(THE TASK) Could the listing below be reproduced exactly, minus its pictures?

(EXERCISE DATA)
________________________

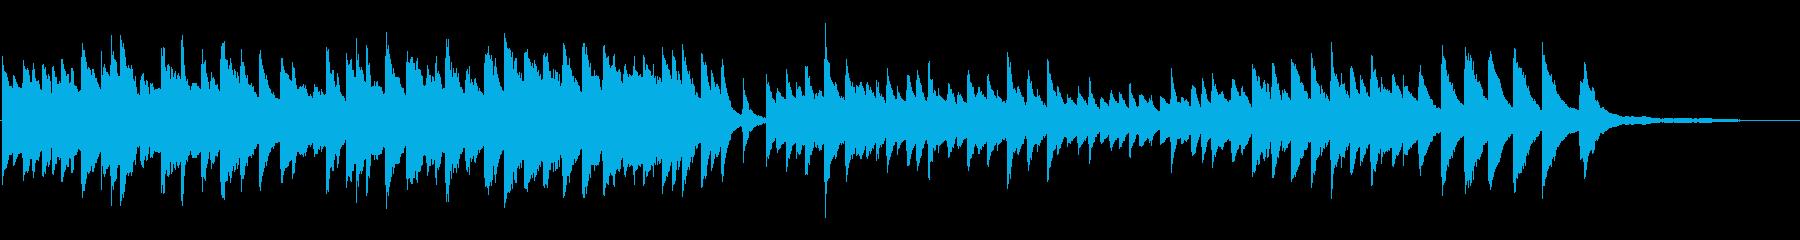 童謡「たなばたさま」ピアノソロの再生済みの波形
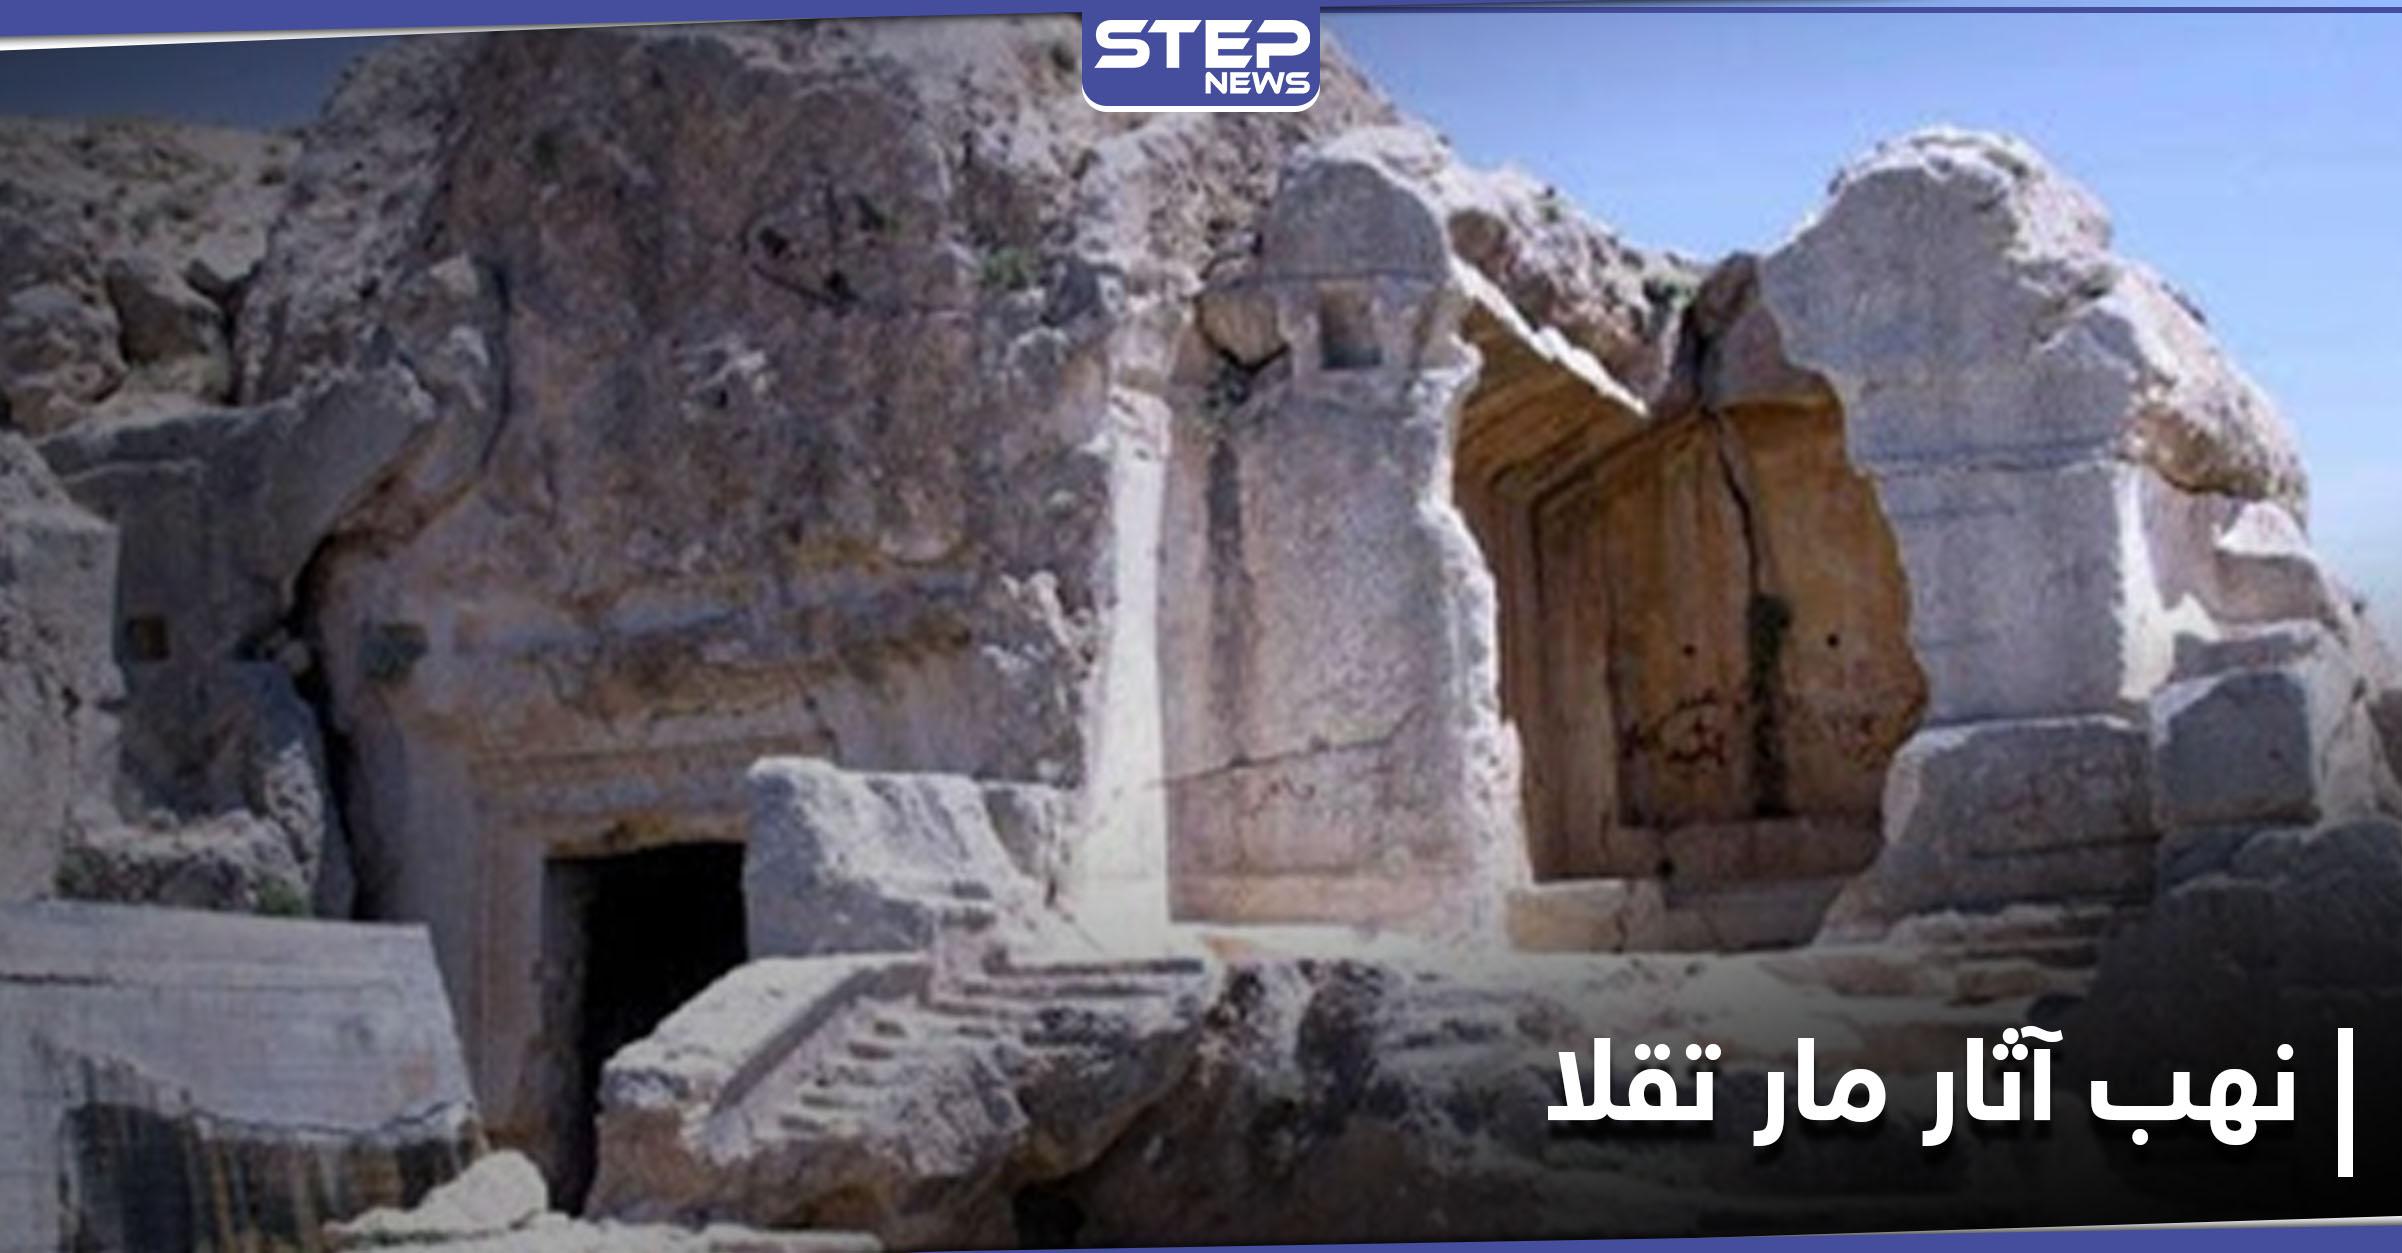 """عصابات تنقيب تنهب موقع """"مار تقلا"""" الأثري غربي دمشق"""
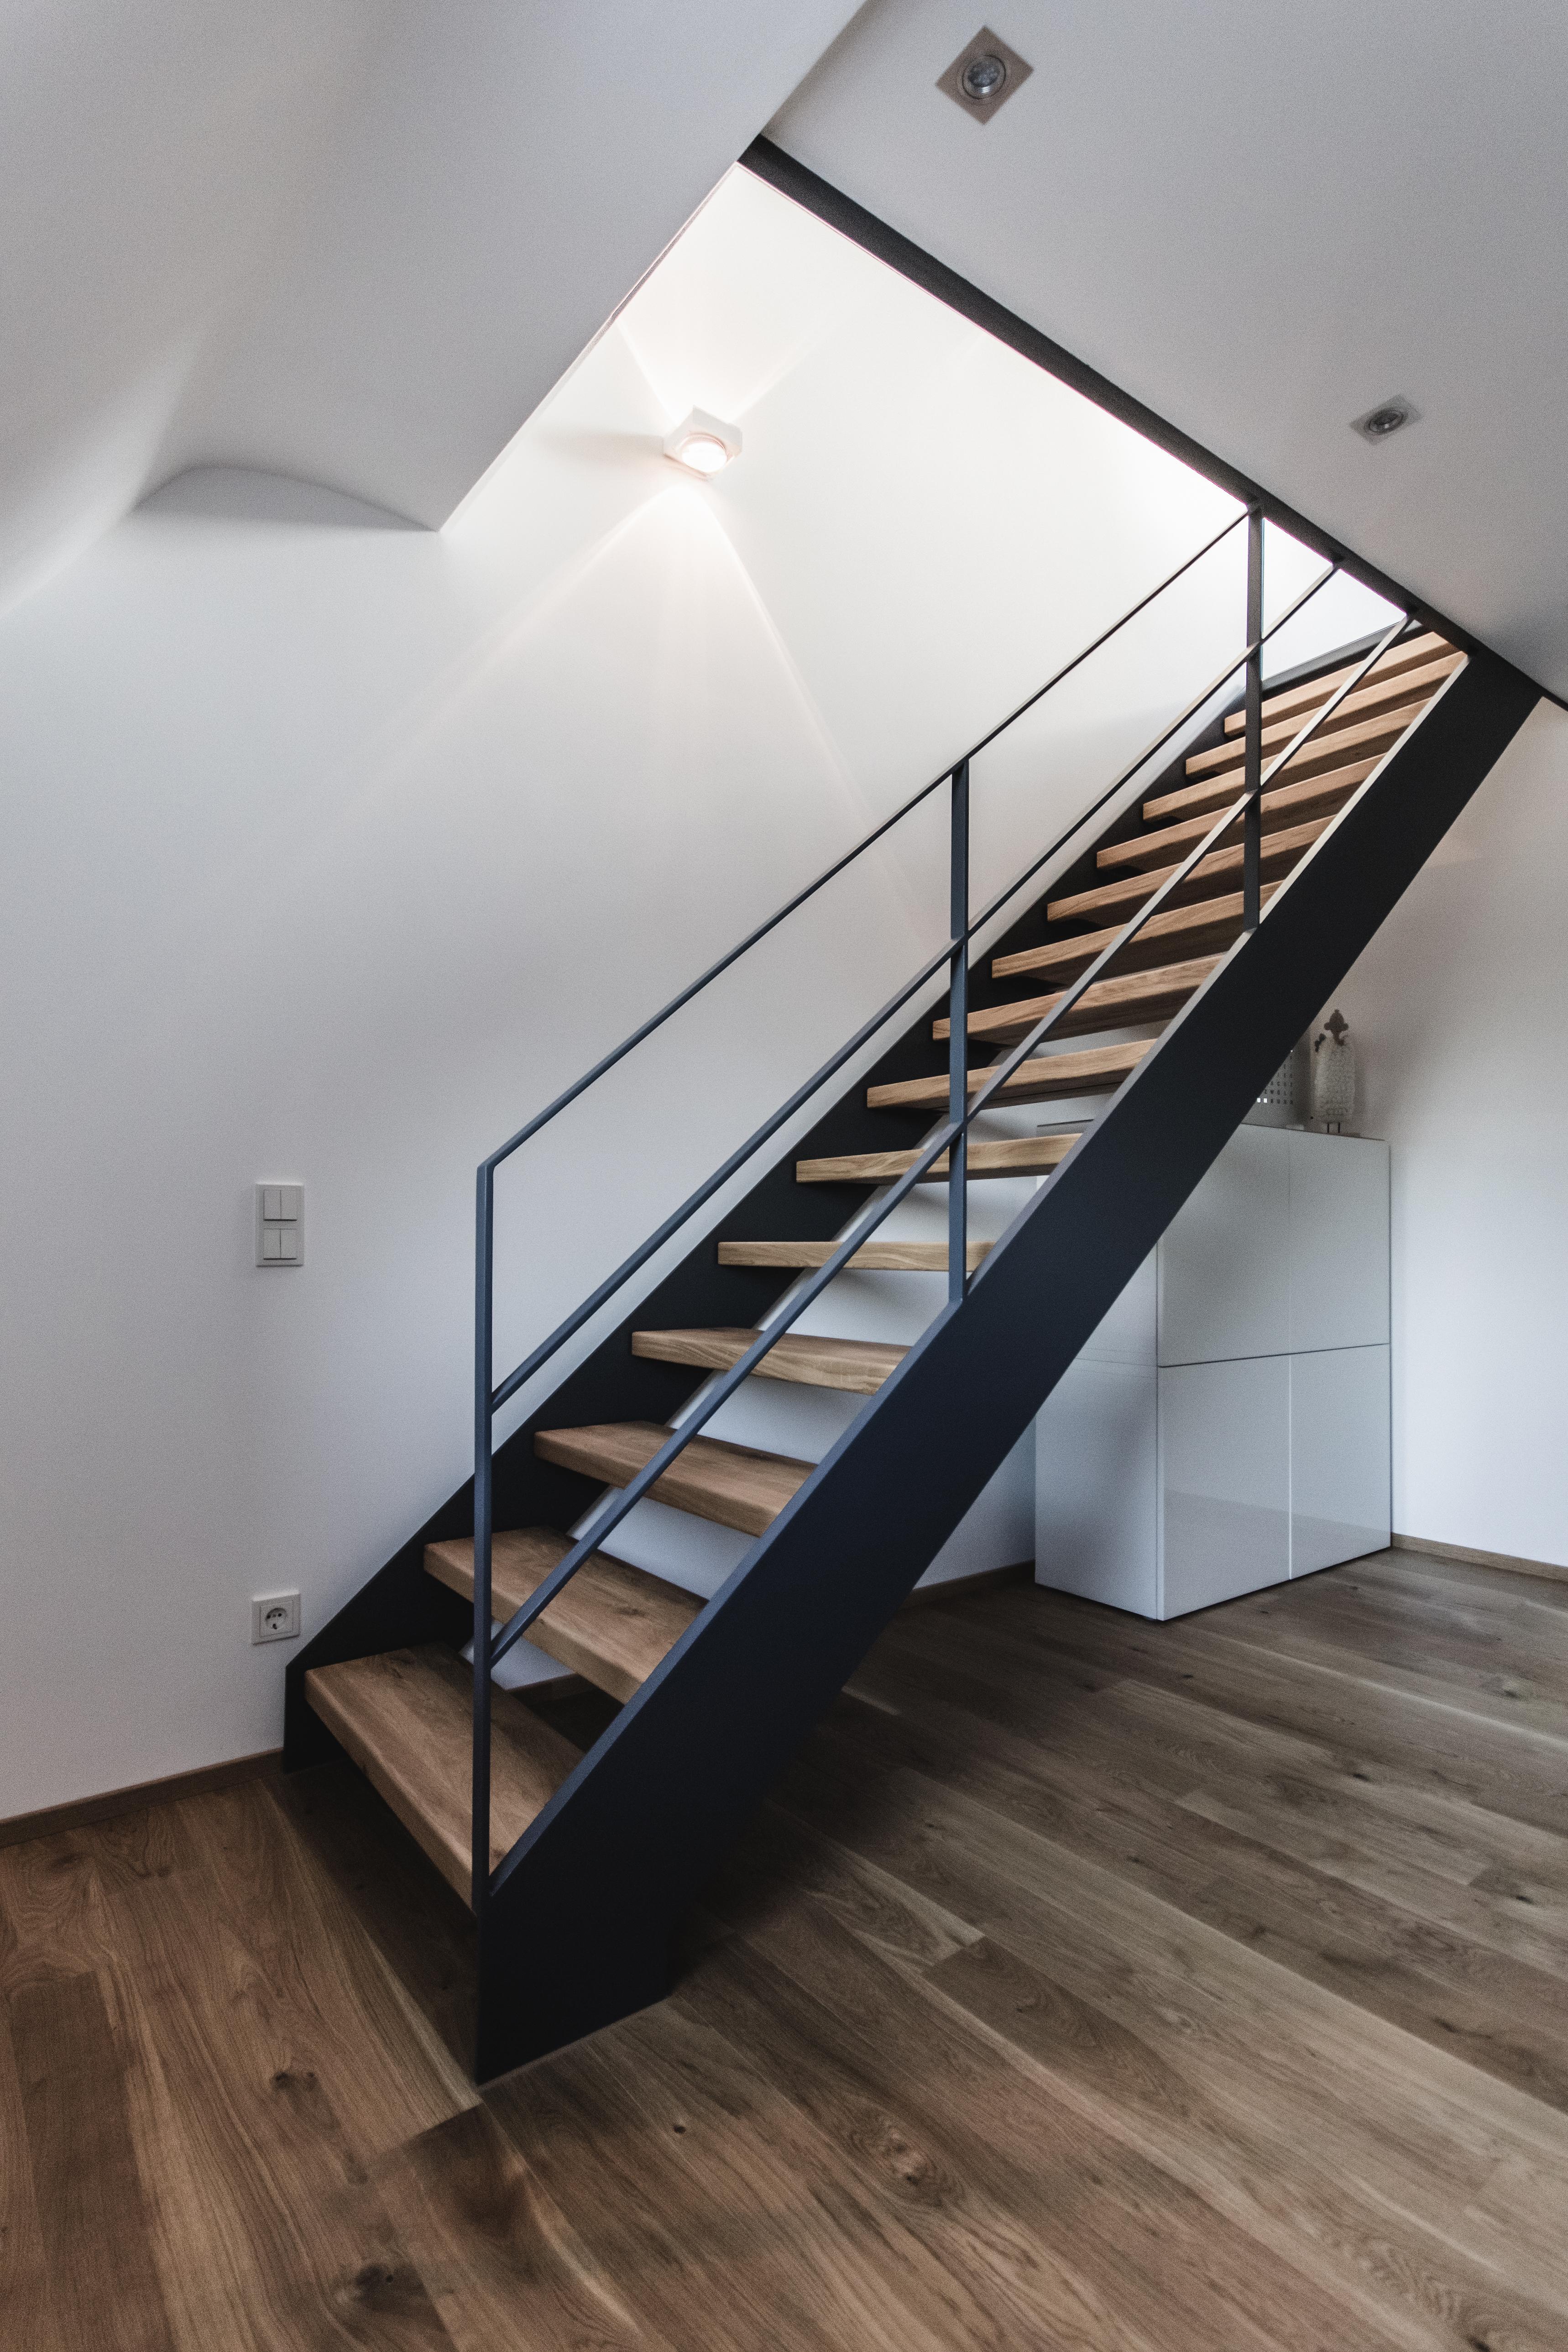 Stahlinnentreppen Wohnung - Saarbrücken

________________________

(OUTPUT OF THE TASK)
 童謡「たなばたさま」ピアノソロの再生済みの波形
 """عصابات تنقيب تنهب موقع """"مار تقلا"""" الأثري غربي دمشق"""
 Stahlinnentreppen Wohnung - Saarbrücken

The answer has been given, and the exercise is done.